La commission note cependant que le projet de loi n'empêchera pas de prendre des mesures affectant l'emploi contre les personnes considérées comme "dangereuses ou indésirables du point de vue de la sécurité de l'Etat" et que la possibilité de faire appel devant les tribunaux en vertu de l'article 125 de la Constitution se bornera à déterminer la conformité avec la loi des actes et décisions de l'administration. La commission rappelle les commentaires concernant la portée de l'article 4 de la convention no 111 qui figurent aux paragraphes 136 et 137 de son Etude d'ensemble de 1988 sur l'égalité en matière d'emploi et de profession, dans lesquels elle soulignait que les mesures visant à préserver la sécurité de l'Etat devaient être suffisamment bien définies et délimitées afin de ne pas conduire à une discrimination fondée (entre autres) sur l'opinion politique; que l'application de mesures visant à protéger la sécurité de l'Etat devait être examinée à la lumière des répercussions que les activités prises en considération peuvent avoir sur l'accomplissement de l'emploi, de la tâche ou de la profession des personnes concernées; et que la disposition prévoyant un droit de recours ne permettrait pas de répondre aux exigences de l'article 4 de la convention si les conditions de fond précitées n'étaient pas remplies.

La commission veut croire qu'il sera pleinement tenu compte des considérations mentionnées ci-dessus dans le texte définitif des nouvelles dispositions législatives que l'on envisage d'adopter concernant la loi martiale. Elle prie le gouvernement d'indiquer les progrès accomplis en vue de l'adoption de ces dispositions.

3. Mesures prises sur la base des enquêtes de sécurité.

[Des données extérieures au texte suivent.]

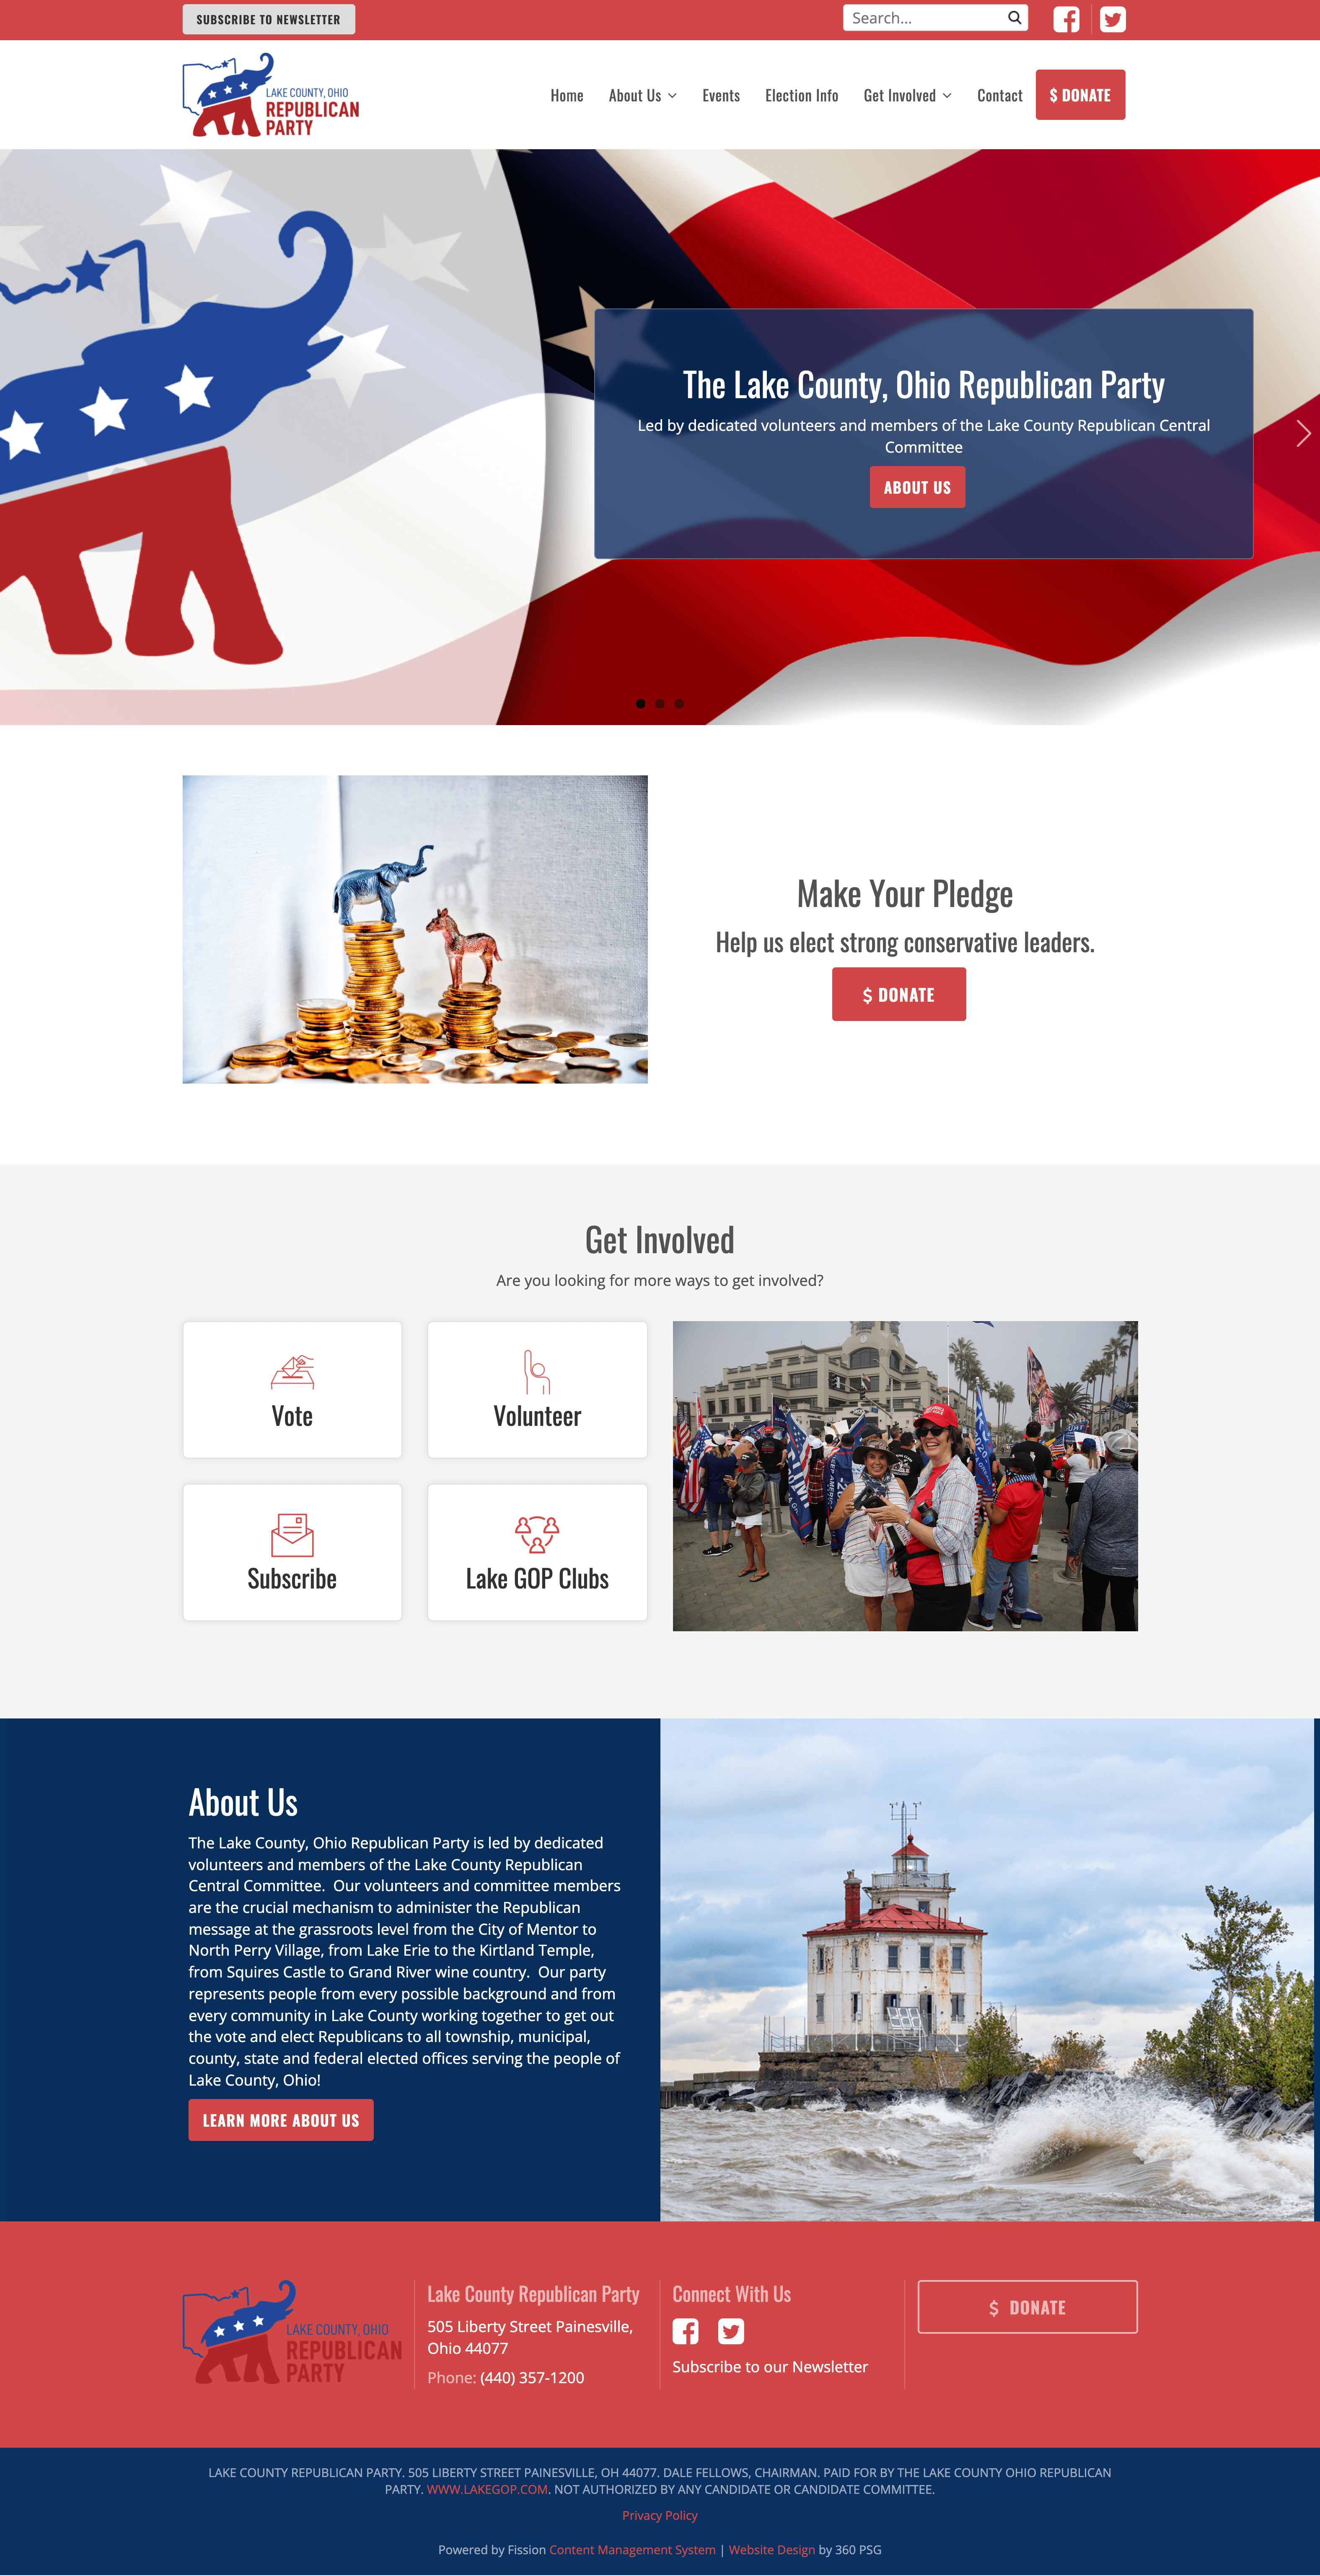 The Lake County, Ohio Republican Party Website - Desktop

D'après les informations communiquées en 1989 par la Confédération des syndicats turcs (TURK-IS), des mesures affectant l'emploi dans la fonction publique ont aussi été prises et, même après l'abrogation de la loi martiale, continuent d'être prises en application du Règlement sur les enquêtes de sécurité, afin de recueillir des informations politiques et autres données subjectives, dont il est tenu compte dans les décisions relatives aux nouvelles nominations, aux mutations, aux promotions, etc. La commission relève, dans le rapport du gouvernement, que le Règlement sur les enquêtes de sécurité concernant les fonctionnaires occupant des postes clés que l'on se propose de recruter, muter ou affecter est considéré comme ayant été invalidé, pour vice de forme, à la suite d'une décision récente du Conseil d'Etat, dont le texte sera adressé au BIT lorsqu'il aura été publié. La commission espère que le gouvernement fournira, en plus de cette décision, des informations sur tout nouveau règlement qui pourrait avoir été adopté ou envisagé en vue de procéder à de telles enquêtes de sécurité, et sur les mesures prises pour assurer le respect de la convention à cet égard.